──────── Data segment ────────

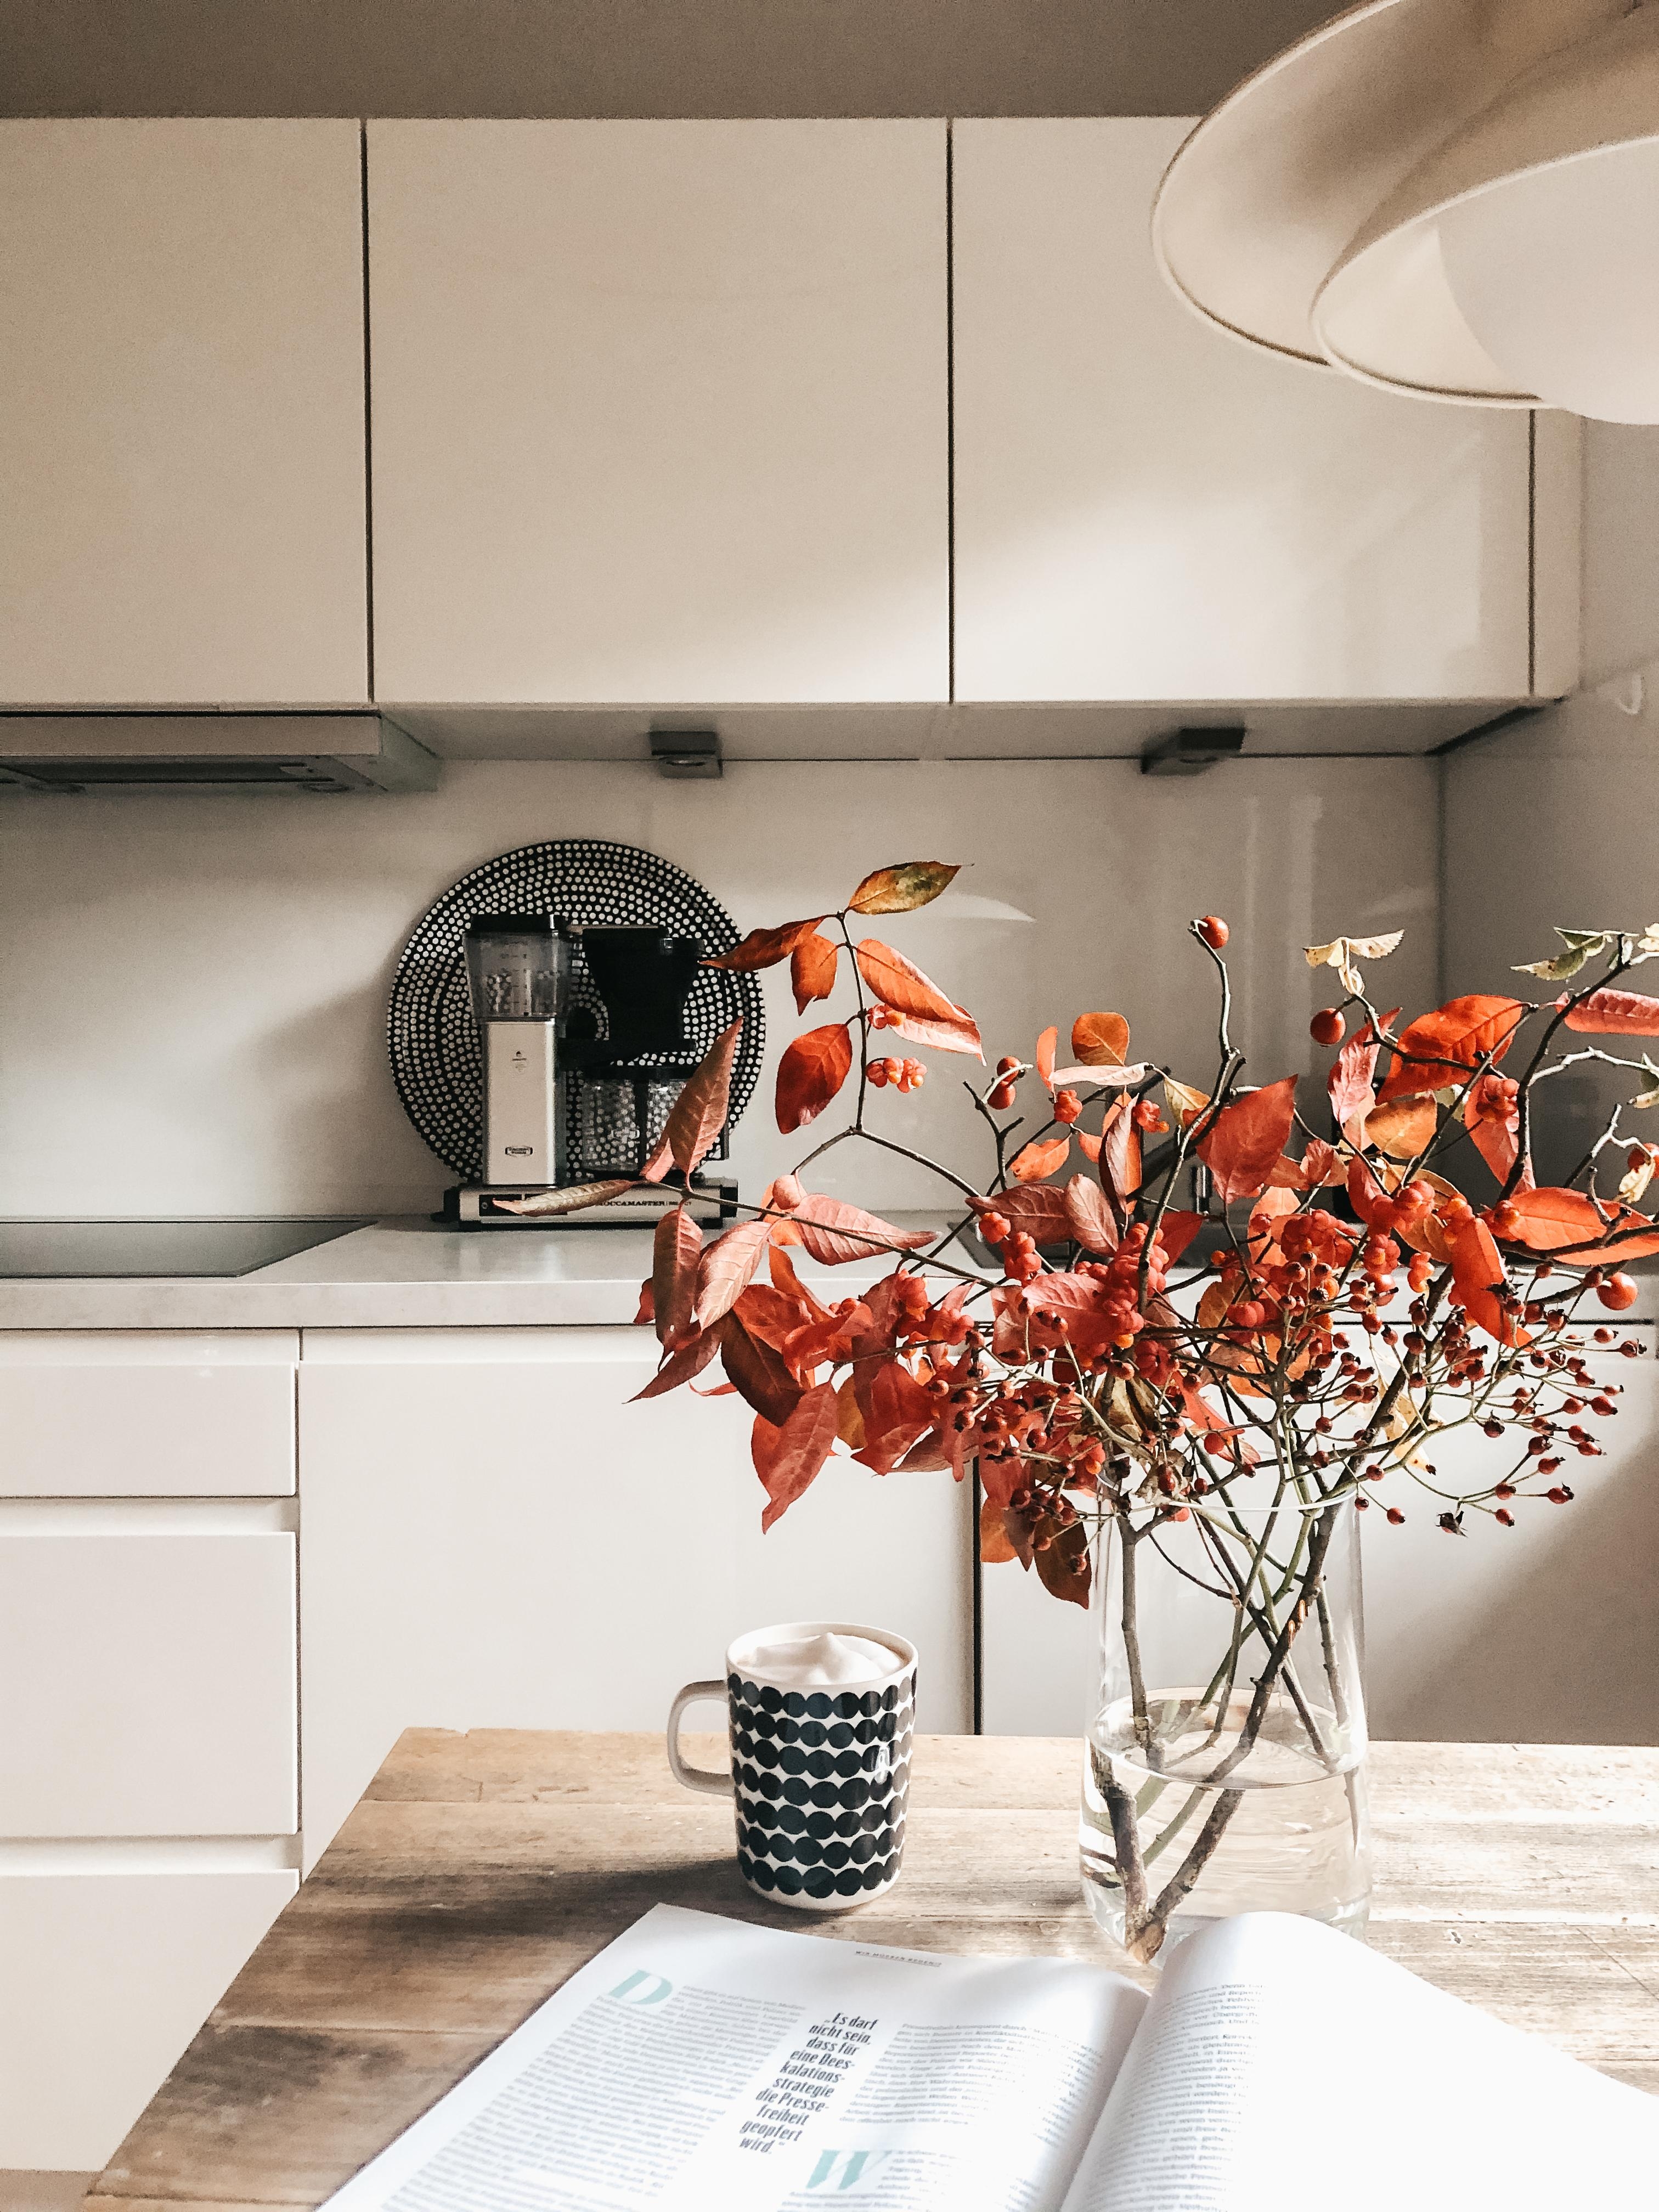 Herbstliebe ❤️
#küche #kitchen #herbstdeko
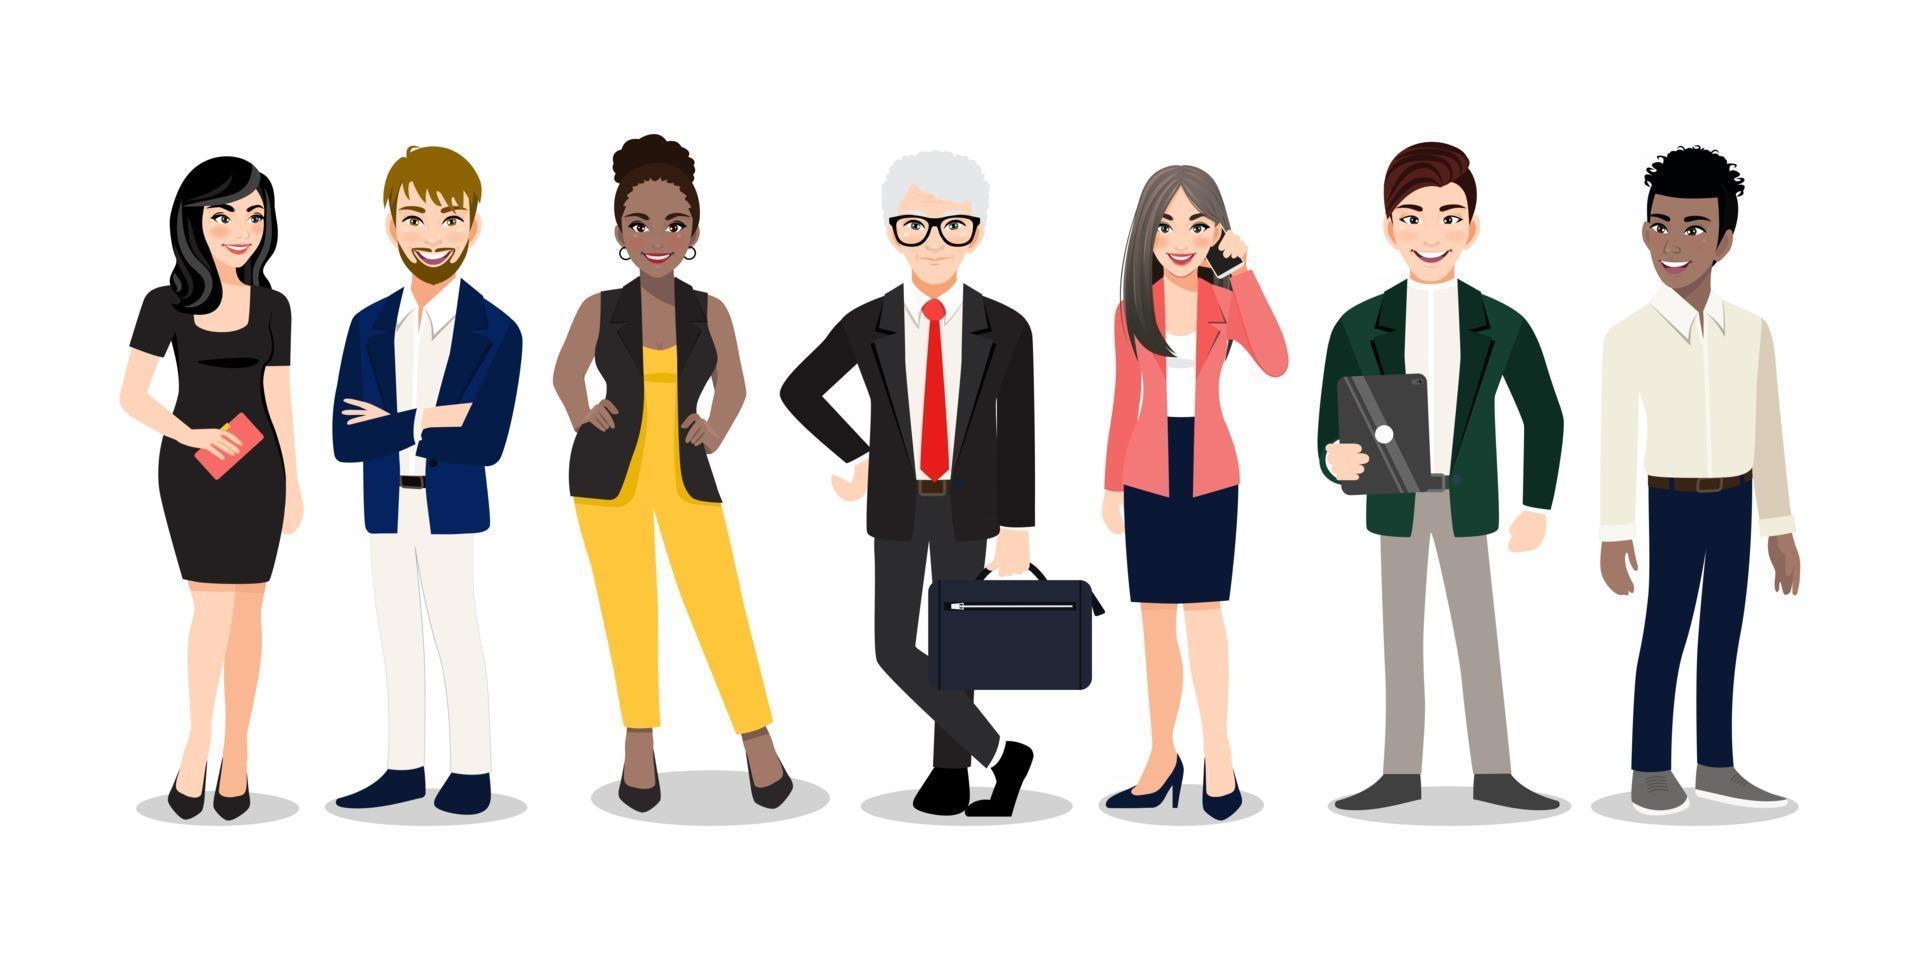 trabalhadores de escritório ou equipe multinacional de negócios em pé e sorrindo juntos. ilustração em vetor de diversos desenhos animados de homens e mulheres de várias raças, idades e tipos de corpo em trajes de escritório.

────────

Task to complete. Word for word, restate the material above; do not carry over the pictures.

Answer section.
 Herbstliebe ❤️
#küche #kitchen #herbstdeko
 trabalhadores de escritório ou equipe multinacional de negócios em pé e sorrindo juntos. ilustração em vetor de diversos desenhos animados de homens e mulheres de várias raças, idades e tipos de corpo em trajes de escritório.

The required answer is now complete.